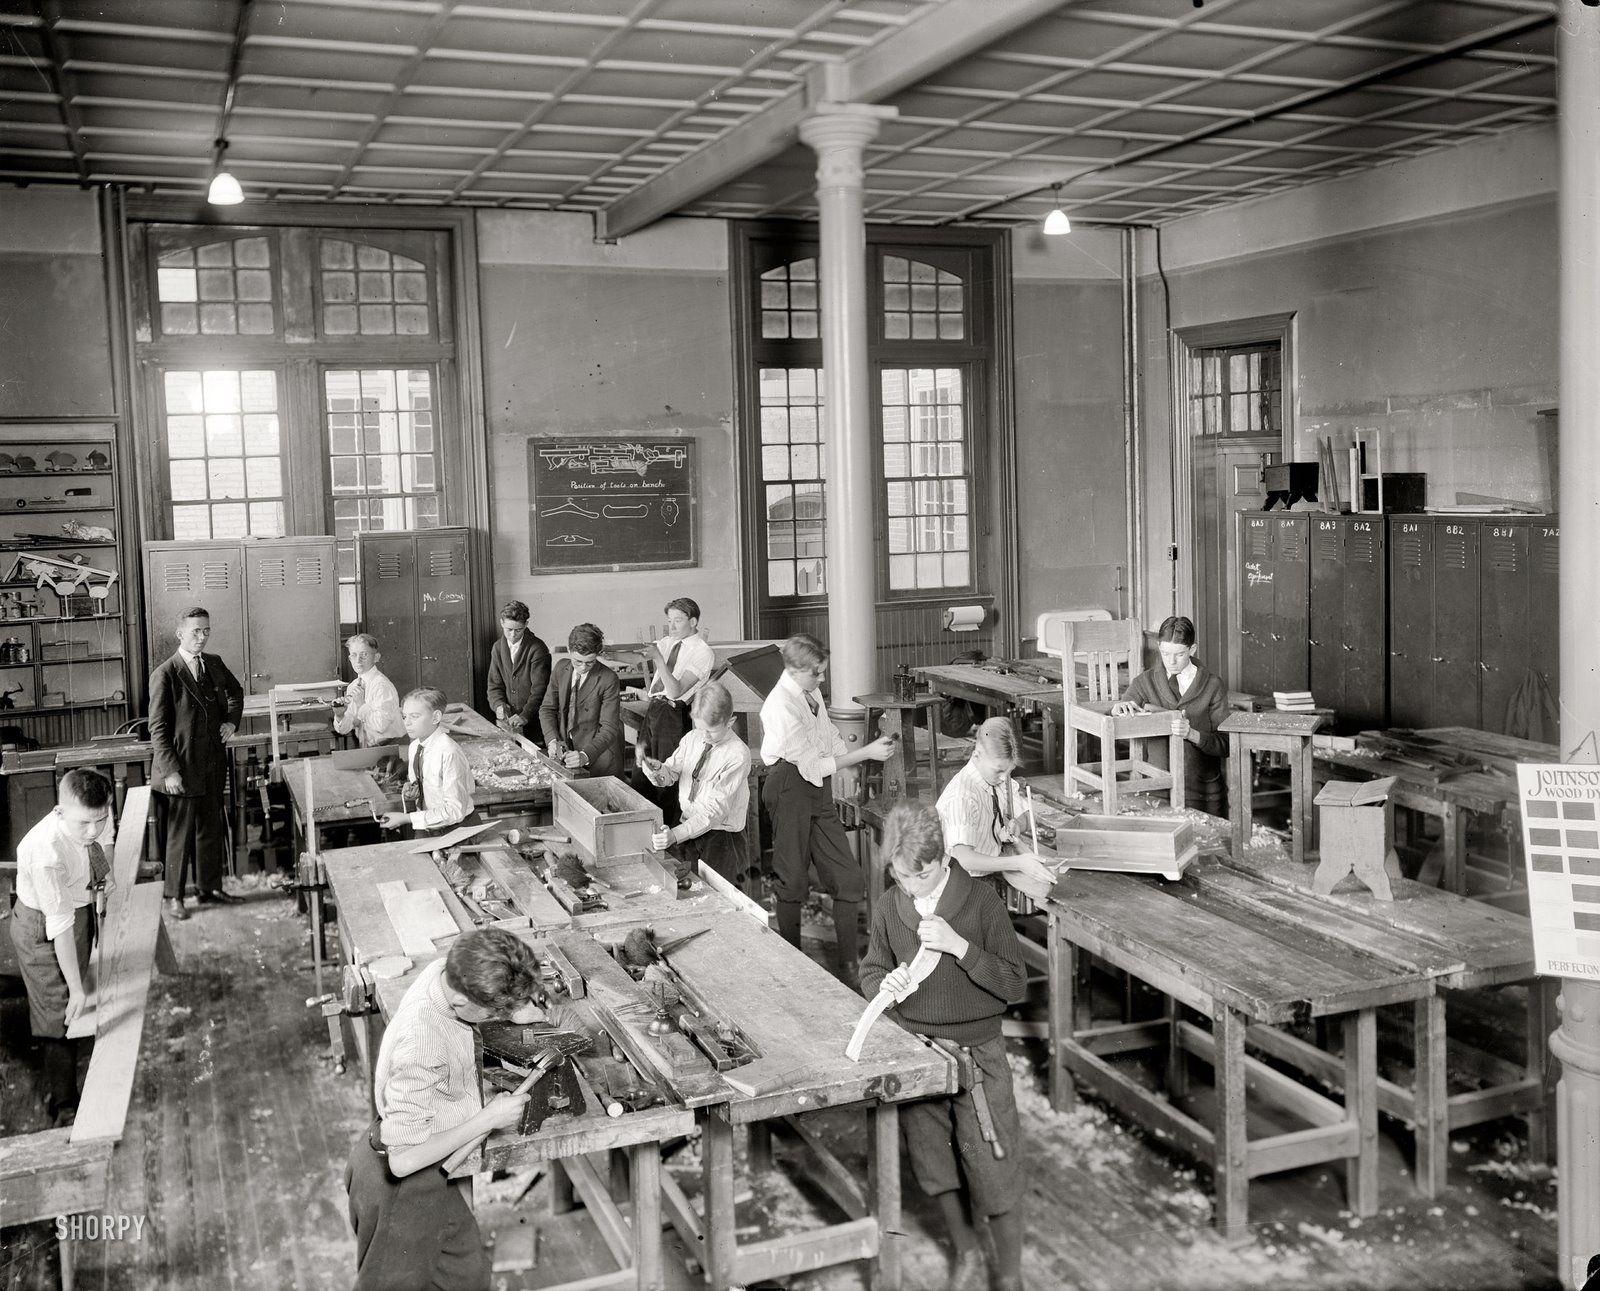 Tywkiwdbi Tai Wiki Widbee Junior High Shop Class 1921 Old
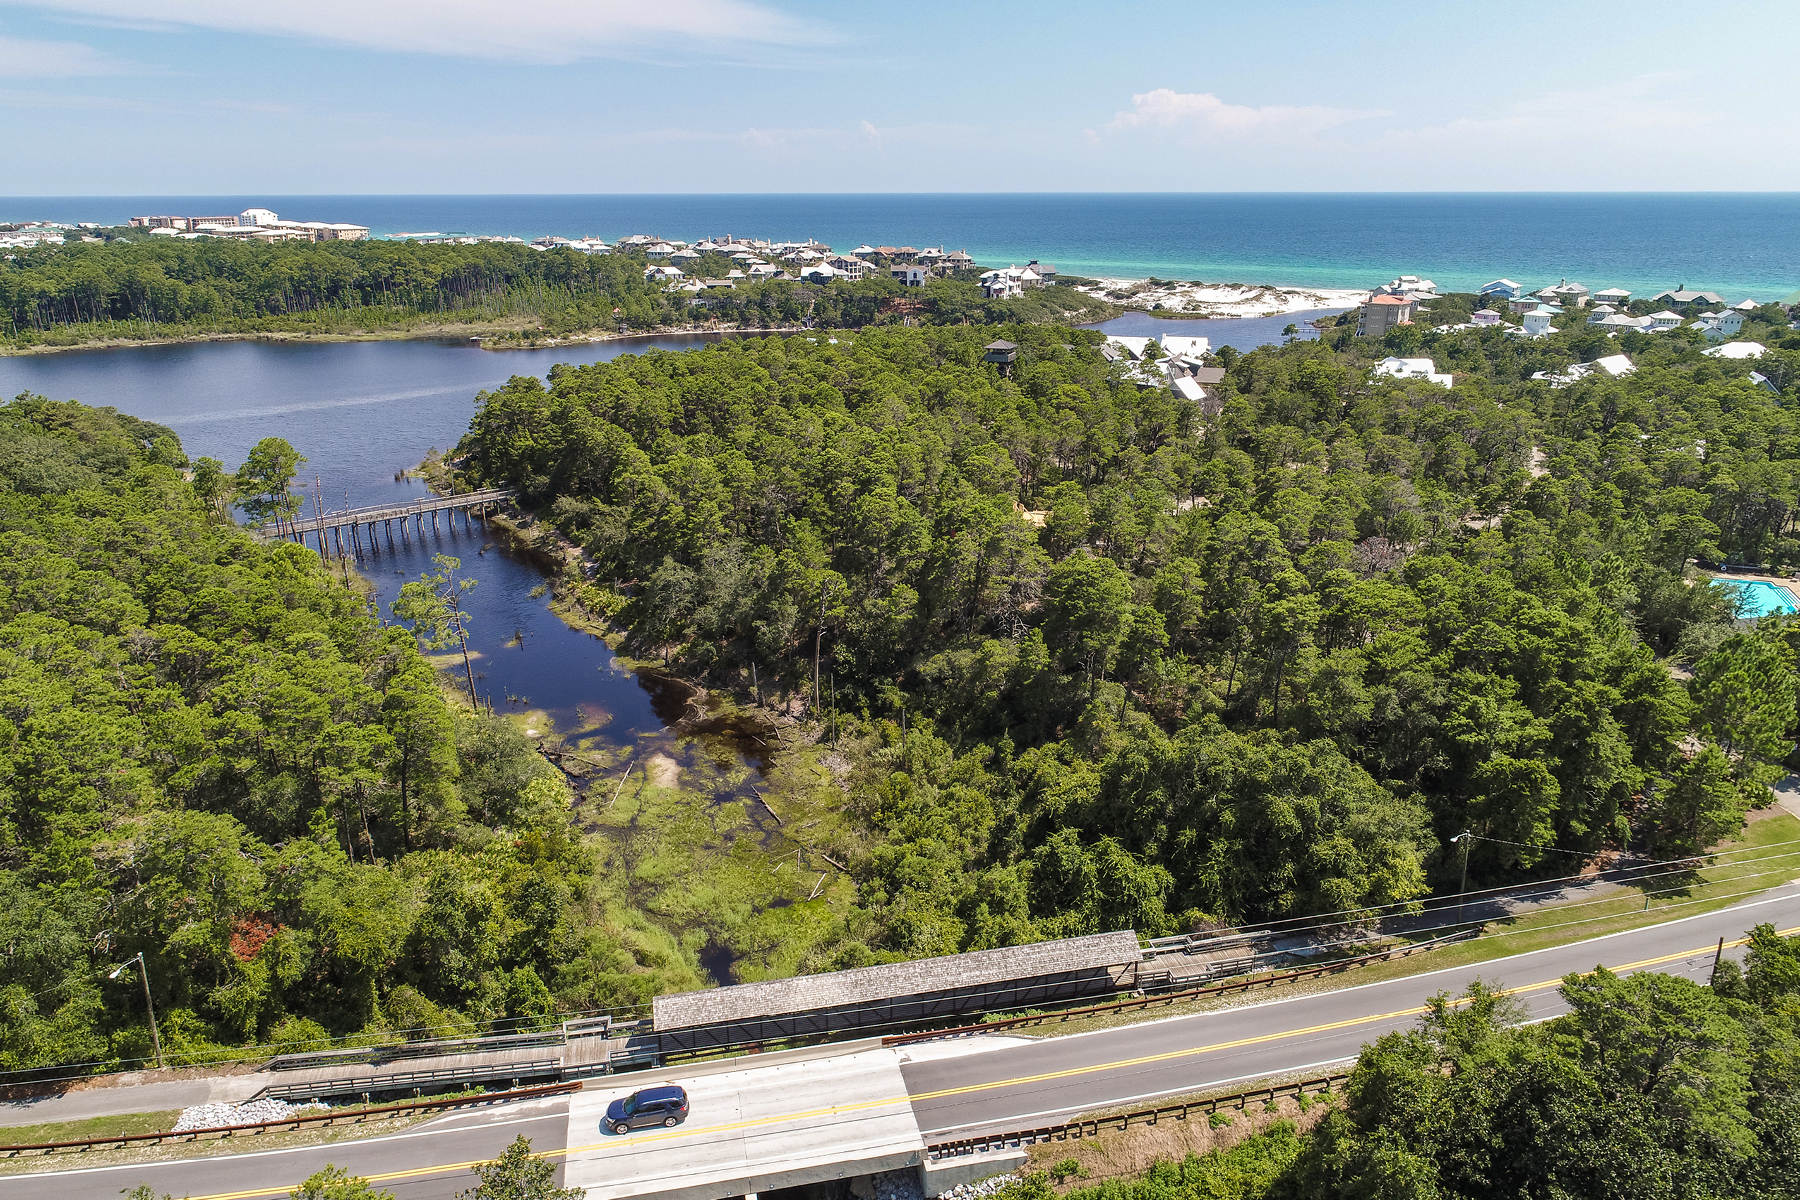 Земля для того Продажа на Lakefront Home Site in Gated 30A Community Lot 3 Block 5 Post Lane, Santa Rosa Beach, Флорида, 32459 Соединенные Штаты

# # # # #

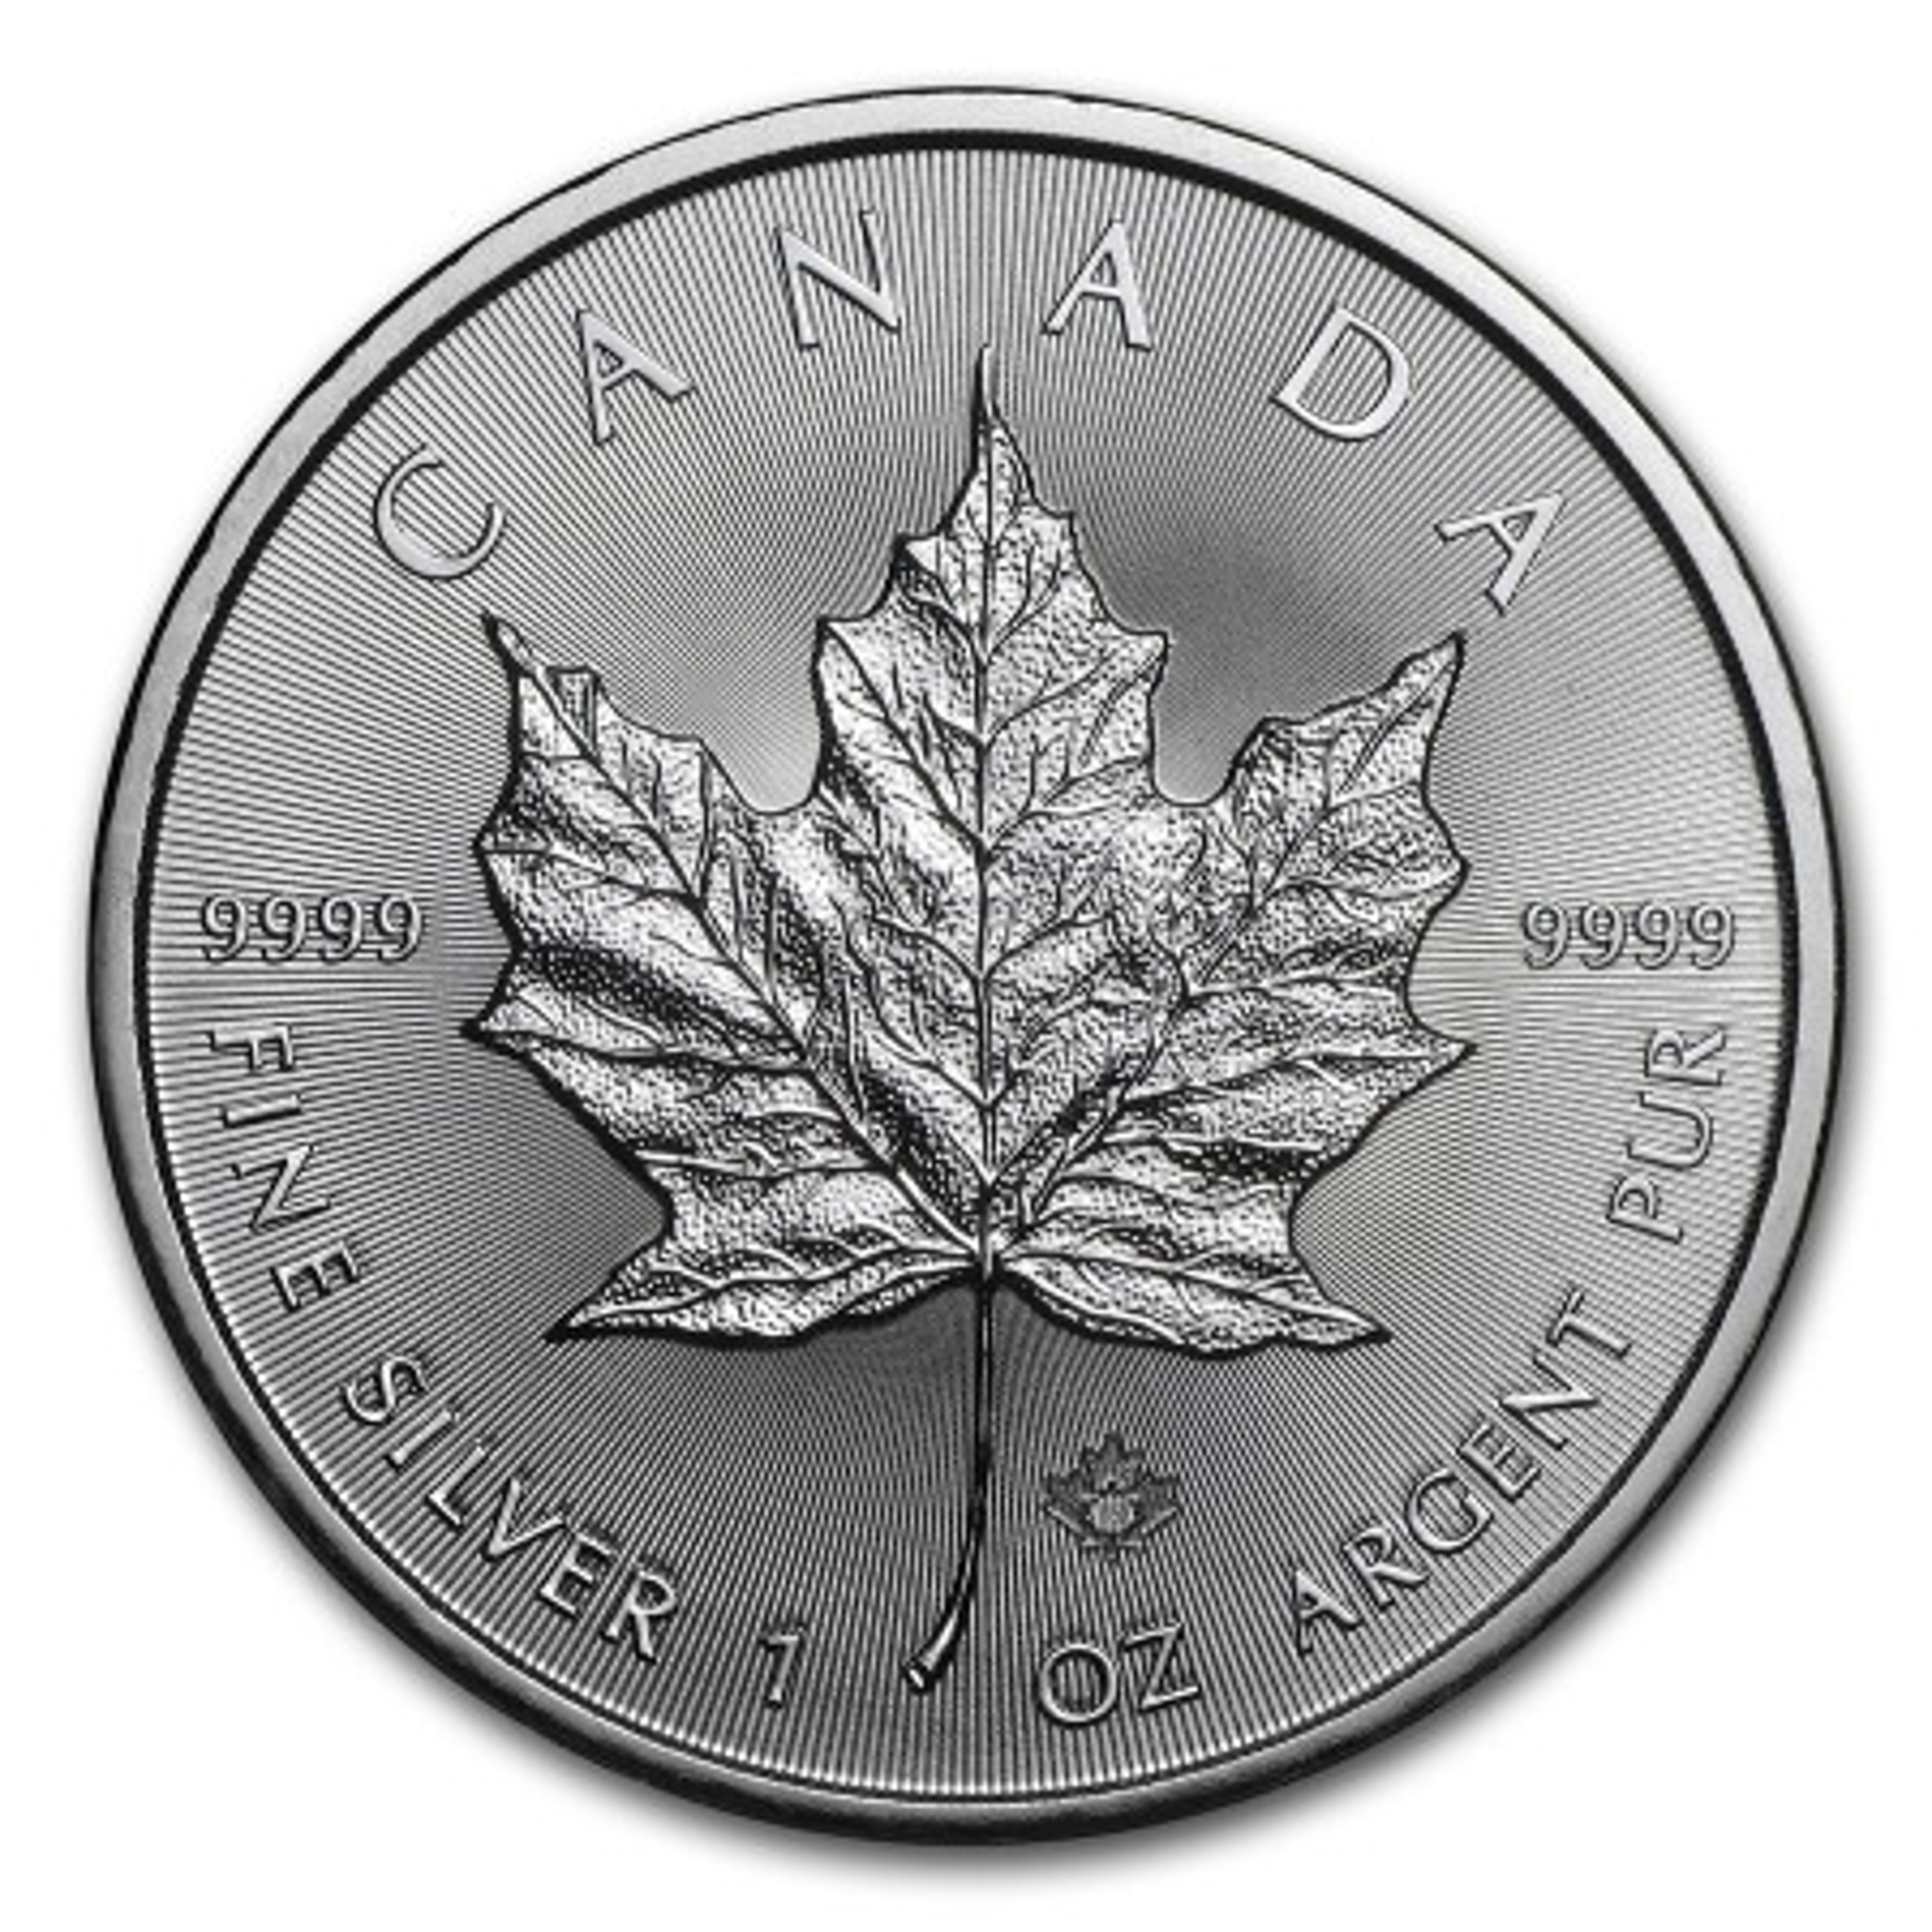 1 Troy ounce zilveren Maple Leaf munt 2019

# # # # #

ASSIGNMENT
Look above for the line with "Tywkiwdbi Tai Wiki", then print it and each line after it down to and including the line with "Земля для того". Leave out the pictures and keep the wording exact.

OUTPUT OF THE EXERCISE
 Tywkiwdbi Tai Wiki Widbee Junior High Shop Class 1921 Old
 Земля для того Продажа на Lakefront Home Site in Gated 30A Community Lot 3 Block 5 Post Lane, Santa Rosa Beach, Флорида, 32459 Соединенные Штаты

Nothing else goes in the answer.